Cuando digo vejez me refiero también a la etapa del Adulto Mayor, en la cual los tres expertos en la materia contactados por mí en Bogotá me compartieron sus puntos de vista. El primero de ellos es el Gerontólogo Jonathan López, actual Director General de la “Fundación Las Canitas”. Le siguió Stella Sánchez de Peña, quien es Orientadora de Familia y lidera el Programa del Adulto Mayor y Pensionado de Cafam; y por último, me reuní con Carolina Camargo, Fisioterapeuta encargada de combinar actividades físicas con ejercicios terapéuticos que ayudan a acondicionar el físico de los asistentes a dicho programa.
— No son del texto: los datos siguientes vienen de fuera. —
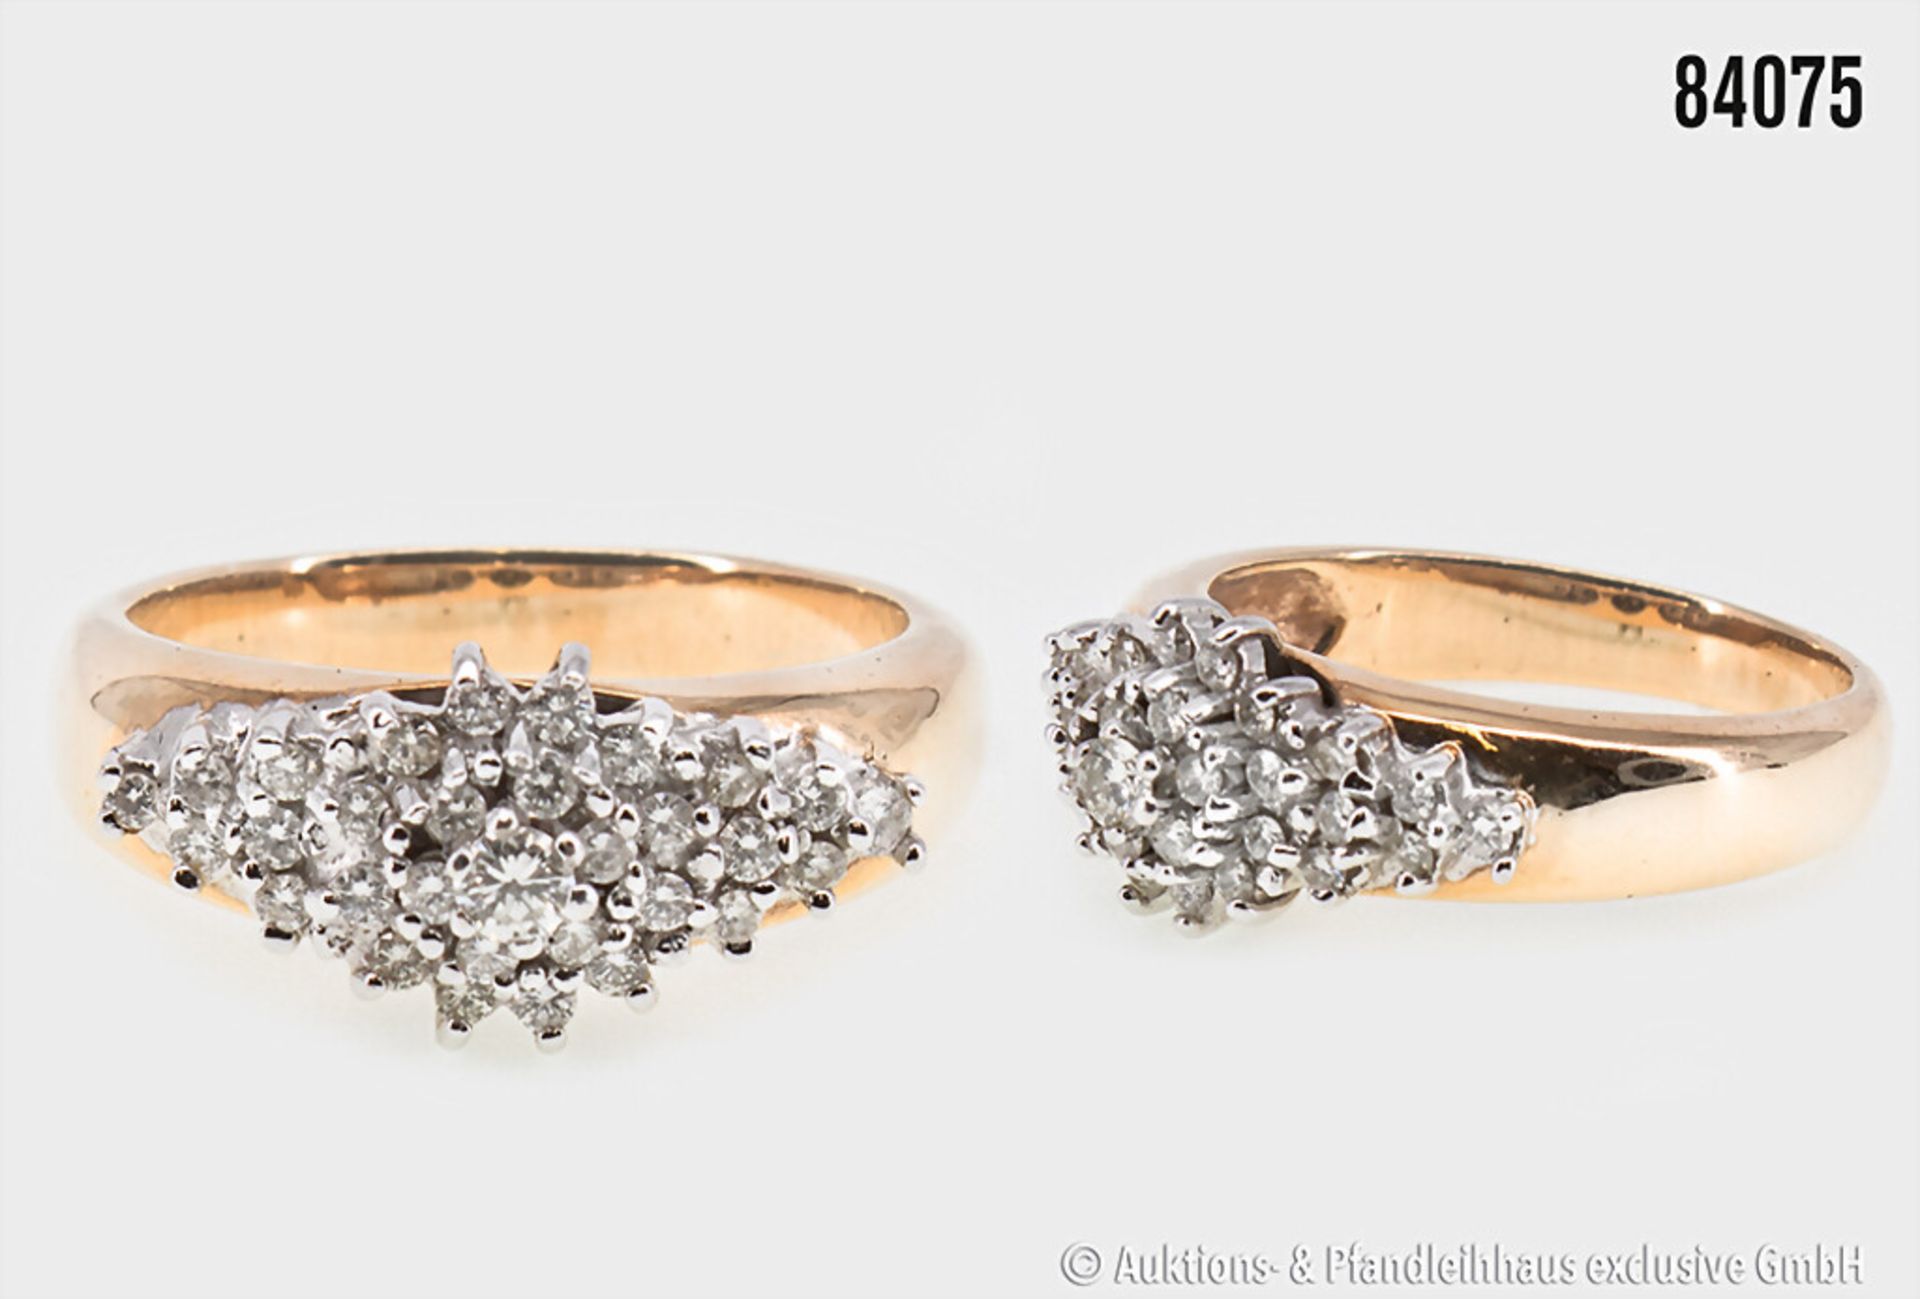 Ring, 585er Gold, mit Brillanten, ca. 0,6 ct, w - top crystal, 7,40 g, Ringgröße ca. ...

Al entrevistar por separado a cada uno de estos personajes, encontré interesante el punto en el cual todos convergimos: “Nuestra generación no tiene un proyecto de vida para su etapa de adulto mayor. Es más, ella misma sigue adquiriendo comportamientos que la conducen a tener una vejez irregular”. Y no es bla bla bla, pues vemos cada vez con más frecuencia como conocidos nuestros, son atacados por repentinos lances cerebro-vasculares que los dejan incapacitados por semanas, como fue el caso de un colega de Jonathan, quien después de adquirir una dosis de mega-información (la cual no alcanzo a administrar equilibradamente en su cerebro) quedó sumido en una parálisis transitoria.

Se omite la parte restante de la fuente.